Wenn anrüchige Quellen wie diese geschützt werden, indem sie gewisse Straftaten begehen dürfen, um nicht aufzufallen und entdeckt zu werden, solange ist ihnen nicht zu vertrauen. Wenn sie ungestraft den Hitlergruß zeigen oder sich an gewalttätigen Ausschreitungen beteiligen, sind Grenzen überschritten, was staatliche Stellen niemals billigen dürfen. Sonst macht sich der Staat strafbar. Und unglaubwürdig. Er hat die Nazis aktiv zu bekämpfen, er darf sie nicht stillschweigend dulden.
Bezahlte Demokratiefeinde
Wenn Zuträger aus dem rechtsextremen Spektrum bereit sind, Informationen freiwillig und unentgeltlich zu sammeln und weiterzugeben, kann das nützlich sein, wenn Fachleute den Wert dieser Auskünfte abgleichen und einschätzen. Bilanzen, welchen Nutzen die Spitzel bisher gebracht haben, sind niemals vorgelegt worden. Aus den Kassen der Demokratie bezahlte Demokratiefeinde im undemokratischen Umfeld – das war, ist und bleibt eine undurchsichtige Fehlentwicklung und behindert das Verbotsverfahren gegen die NPD. Insofern hat Thüringen, das auf den Einsatz von V-Leuten verzichten will, ein sinnvolles Beispiel gegeben.
Noch steht der Entwurf des schwarz-roten Bundeskabinetts nur auf dem Papier.

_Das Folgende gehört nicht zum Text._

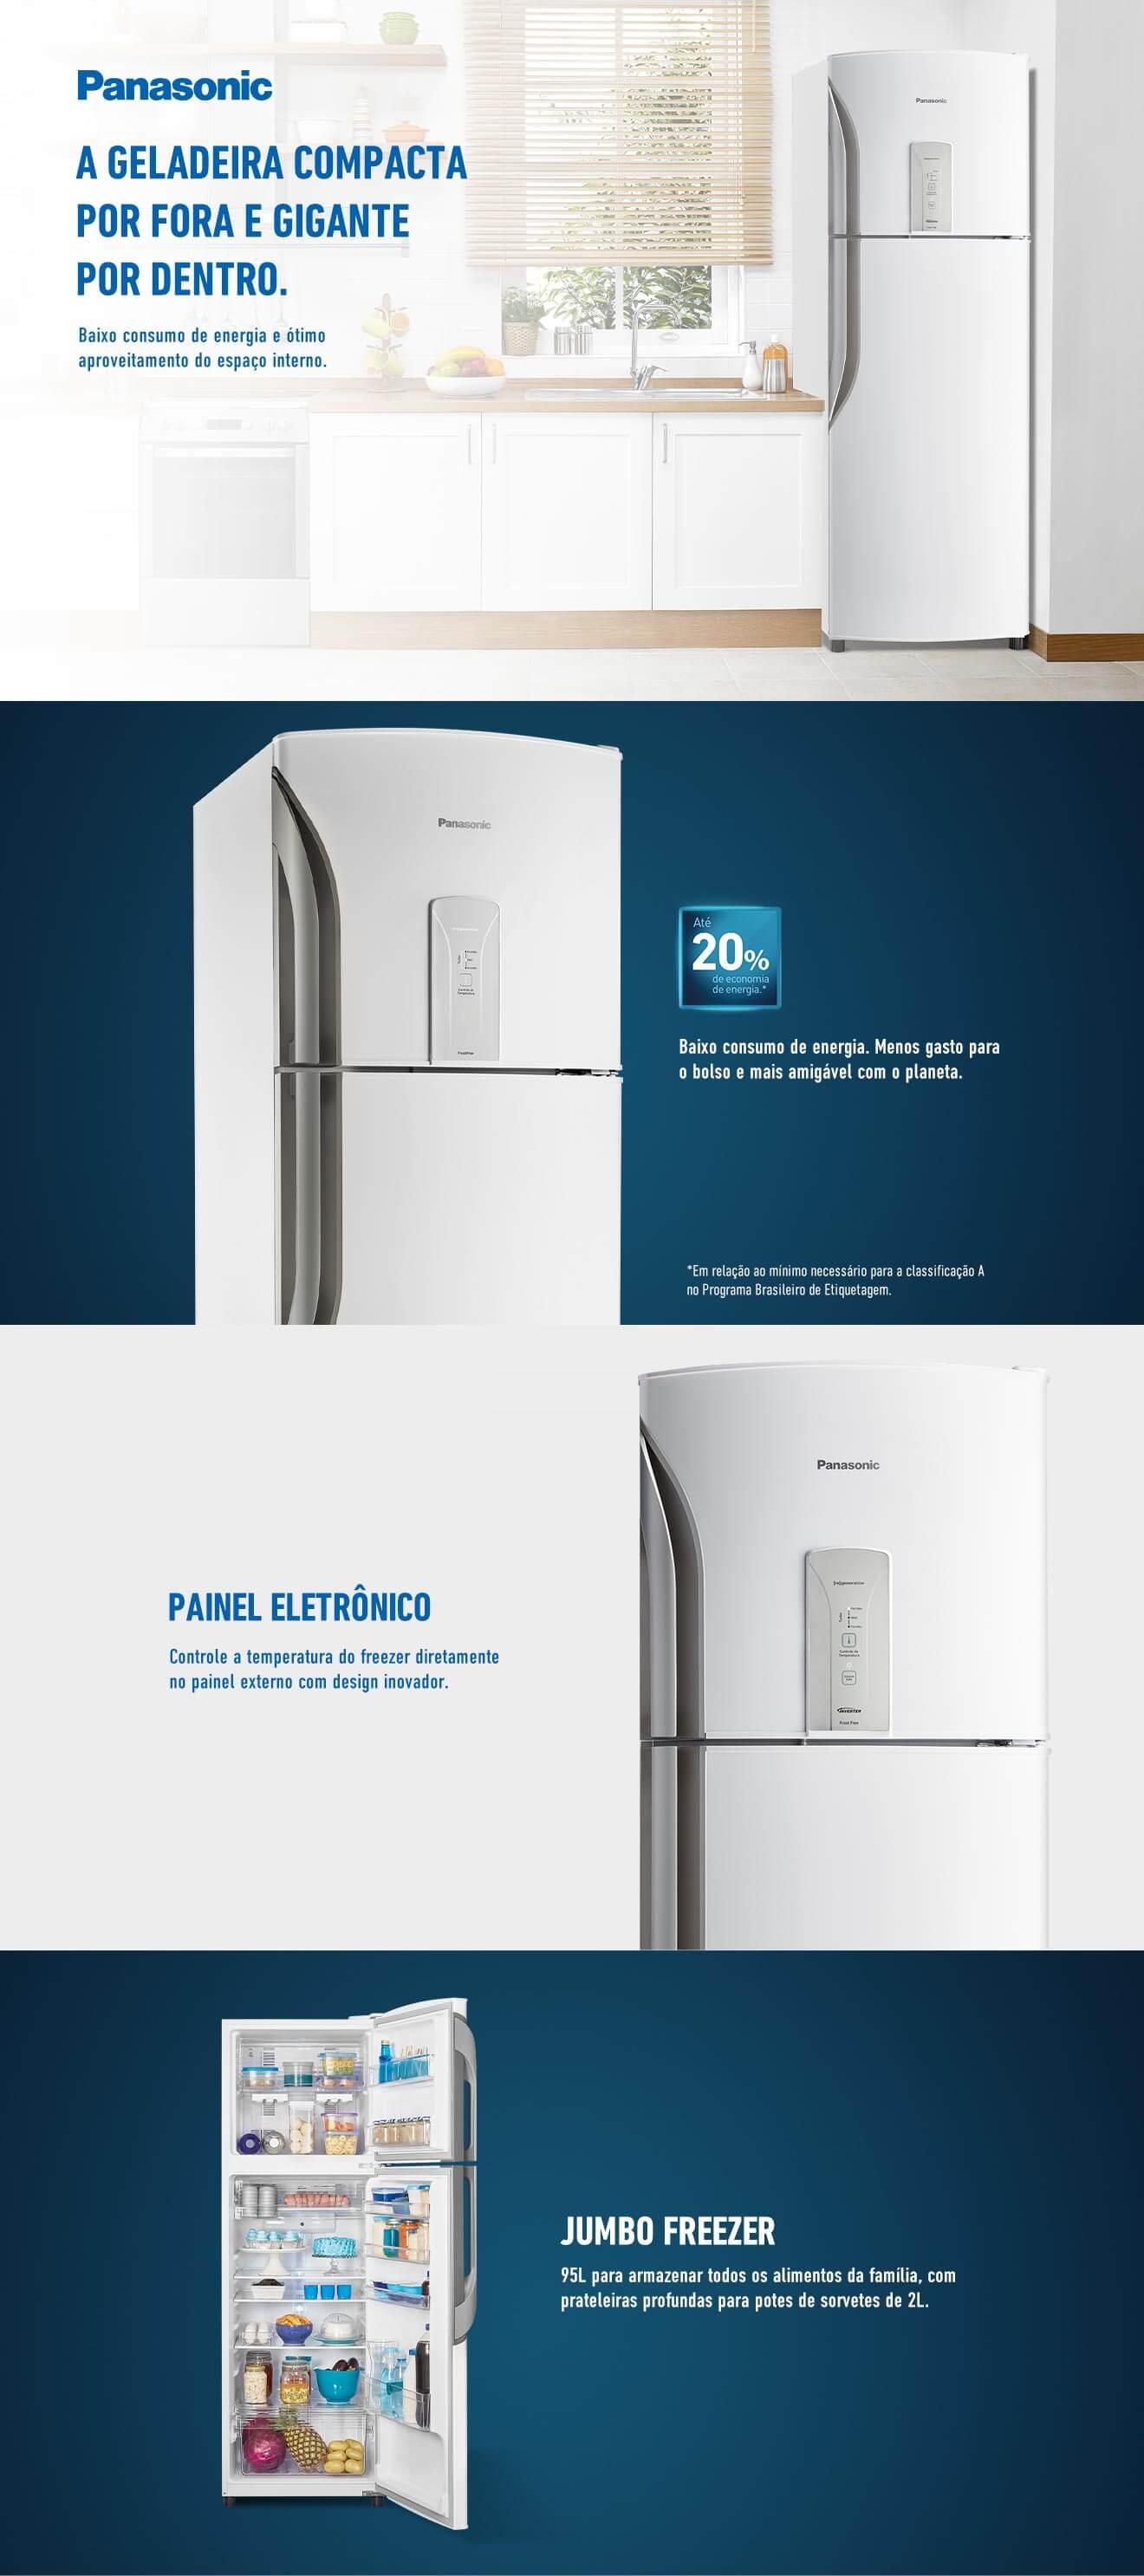 Refrigerador Panasonic BT40 387 Litros Branca NR-BT40BD1WB 220V

Nach dem „Struck’schen Gesetz“ kommt kein Vorhaben so aus dem Parlament heraus, wie es eingebracht wurde. Dieses Verfassungsschutzgesetz mit seinen fragwürdigen, dehnbaren und interpretationsfähigen Bestimmungen müssen Opposition, SPD und Länder transparent gestalten und unzweideutig formulieren. Das Dunkelfeld muss belichtet werden.